Who by? he wonders. Bluhm, or another of her lovers? Quayle never called her Tess. Nor did Ghita, as far as Woodrow knew.

"You simply can't go on expressing yourself so freely. Your opinions."

And then the passage he has prepared in advance, the one that reminds her of her duty as the responsible wife of a serving diplomat. But he never reaches the end of it. The word "duty" has stung her into action.

"Sandy, my duty is to Africa. What's yours?"

He is surprised to have to answer for himself. "To my country, if you'll allow me to be pompous. As Justin's is. To my Service and my Head of Mission. Does that answer you?"

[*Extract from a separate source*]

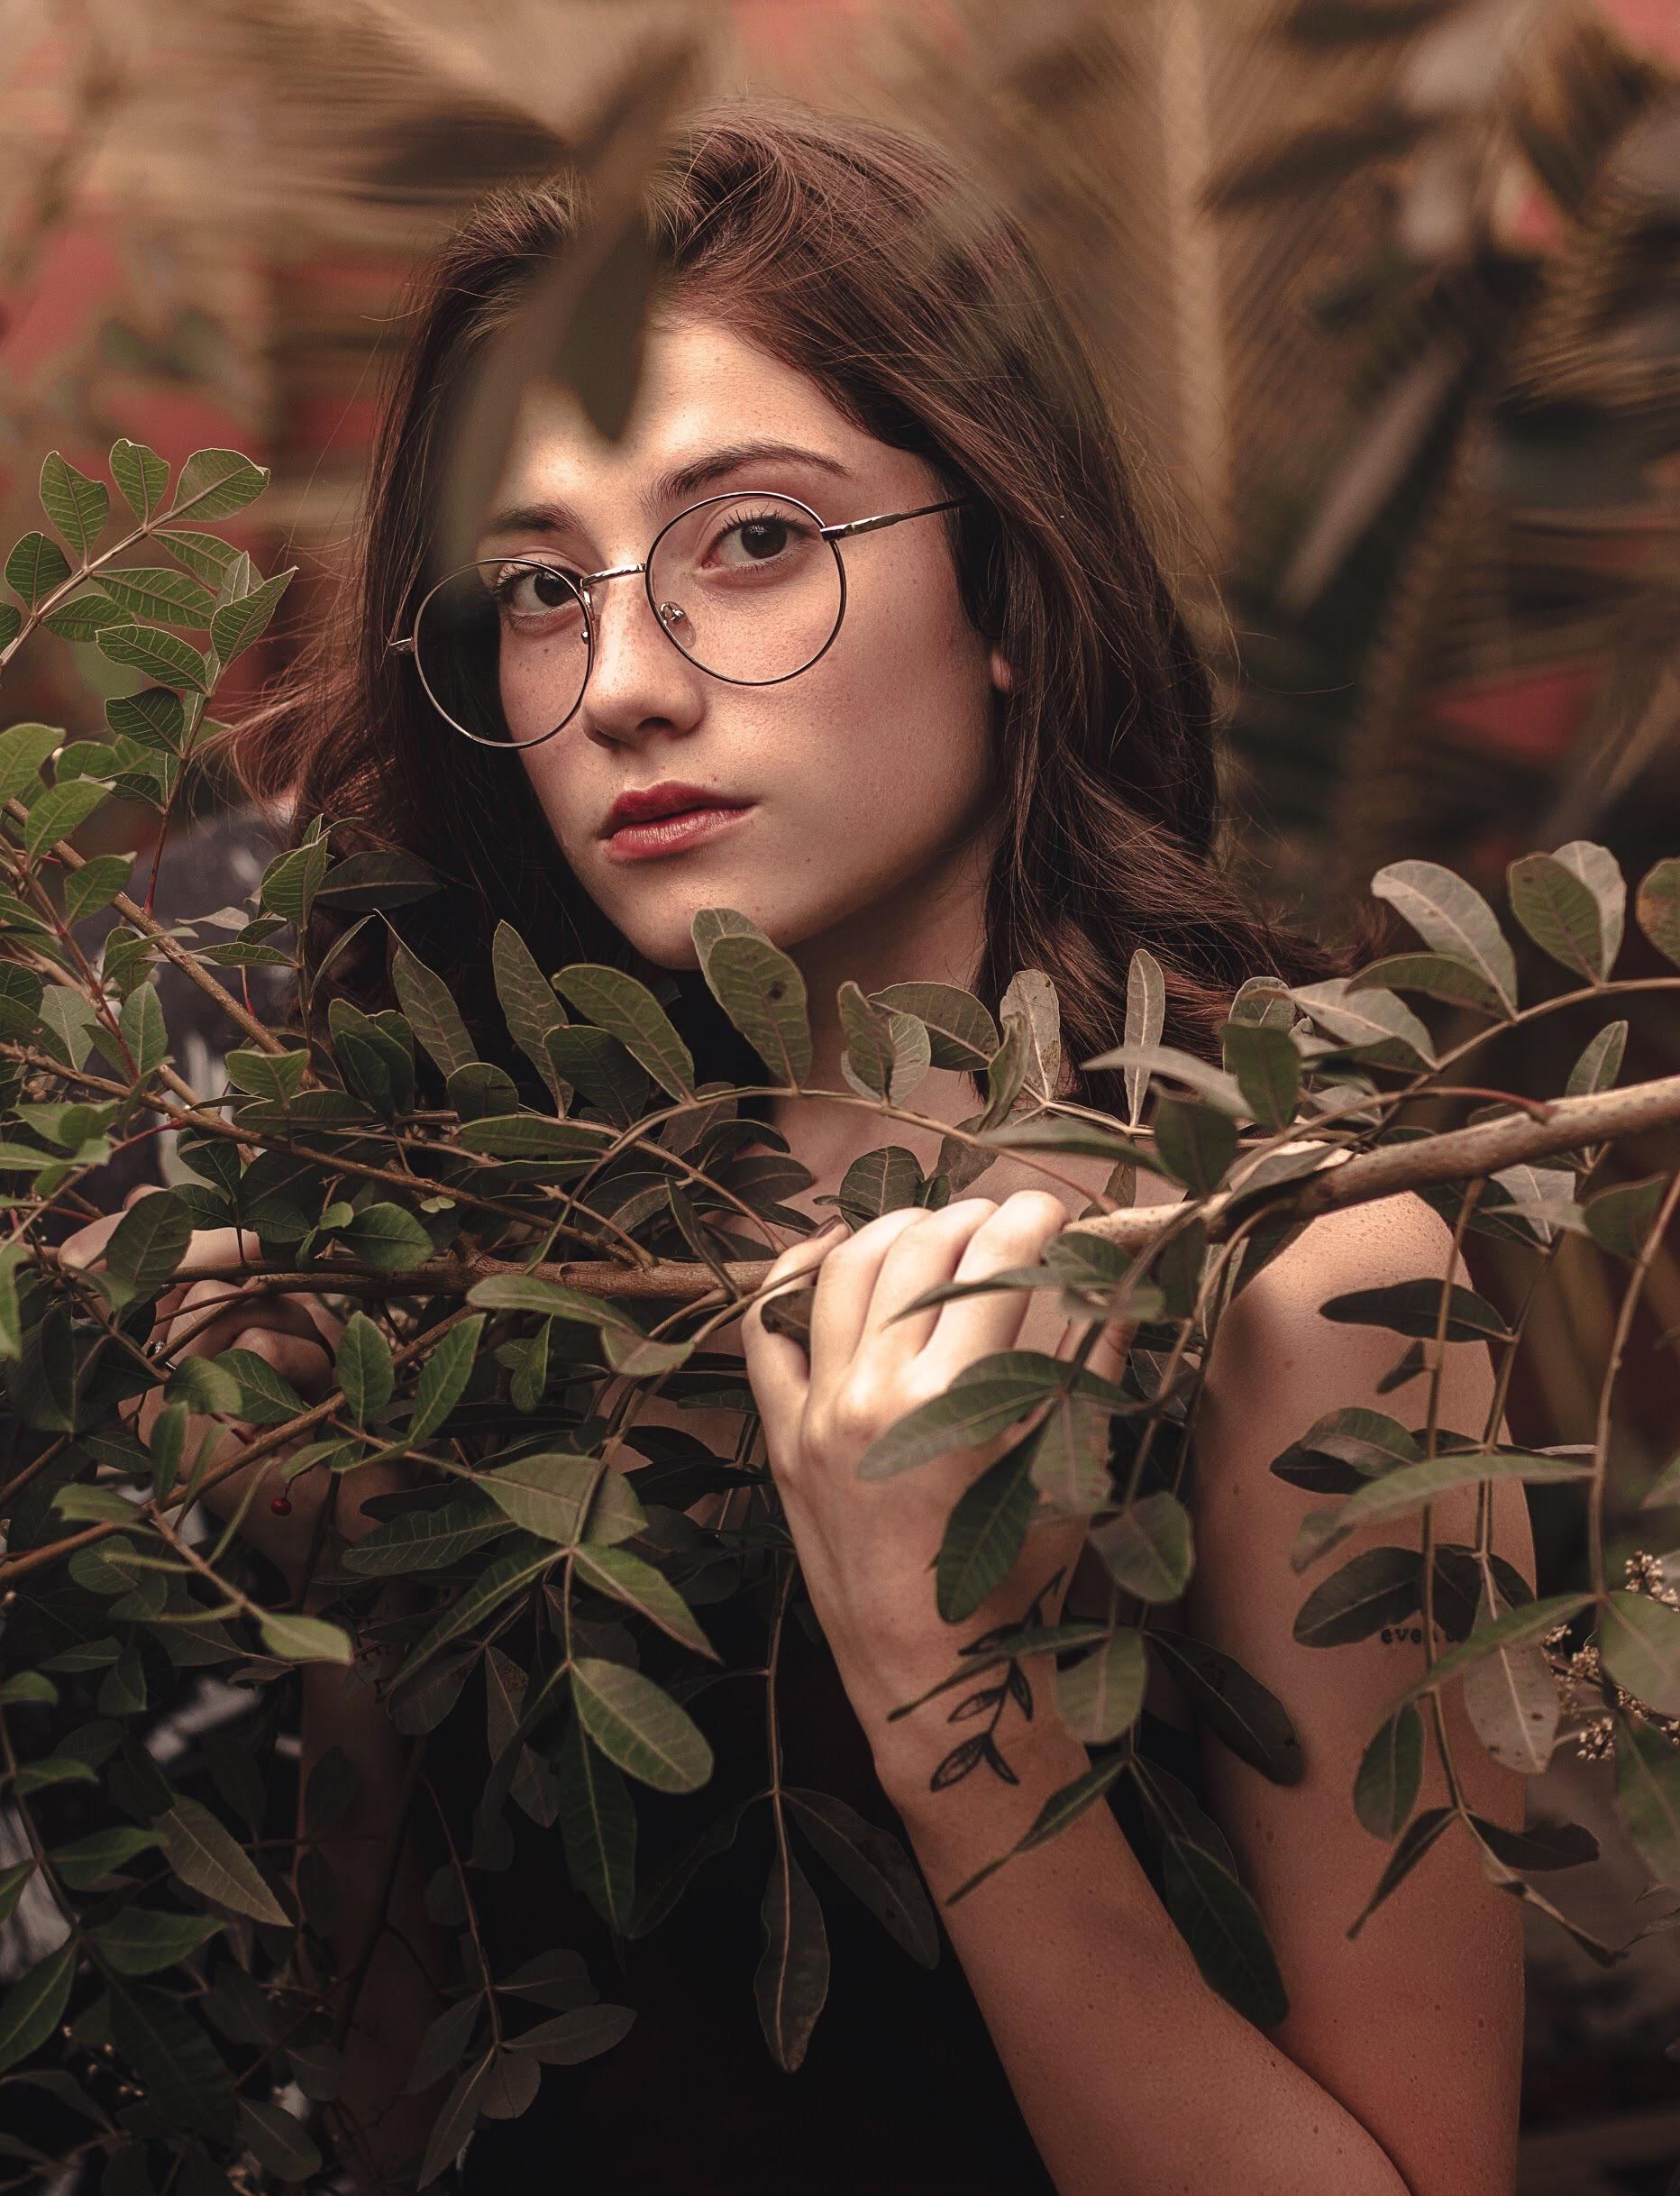 Woman Wearing Gray Eyeglasses Holding Tree

"You know it doesn't. Not nearly. It's miles off."

"How would I know anything of the kind?"

"I thought you might have come to talk to me about the riveting documents I gave you."

"No, Tessa, I did not. I came here to ask you to stop shooting your mouth off about the misdoings of the Moi government in front of every Tom, Dick and Harry in Nairobi. I came here to ask you to be one of the team for a change, instead of — oh, finish the sentence for yourself," he ends rudely.

Would I have talked to her like that if I'd known she was pregnant? Probably not so baldly. But I would have talked to her. Did I guess that she was pregnant while I tried not to notice her naked silhouette? No. I was wanting her beyond bearing, as she could tell by the altered state of my voice and the stiltedness of my movements.

"So you mean you haven't read them?" she says, sticking determinedly to the subject of the documents. "You'll be telling me in a minute that you haven't had time."

"Of course I've read them."

"And what did you make of them when you'd read them, Sandy?"

"They tell me nothing I don't know, and nothing I can do anything about."

"Now Sandy, that's very negative of you. It's worse. It's pusillanimous. Why can't you do anything about them?"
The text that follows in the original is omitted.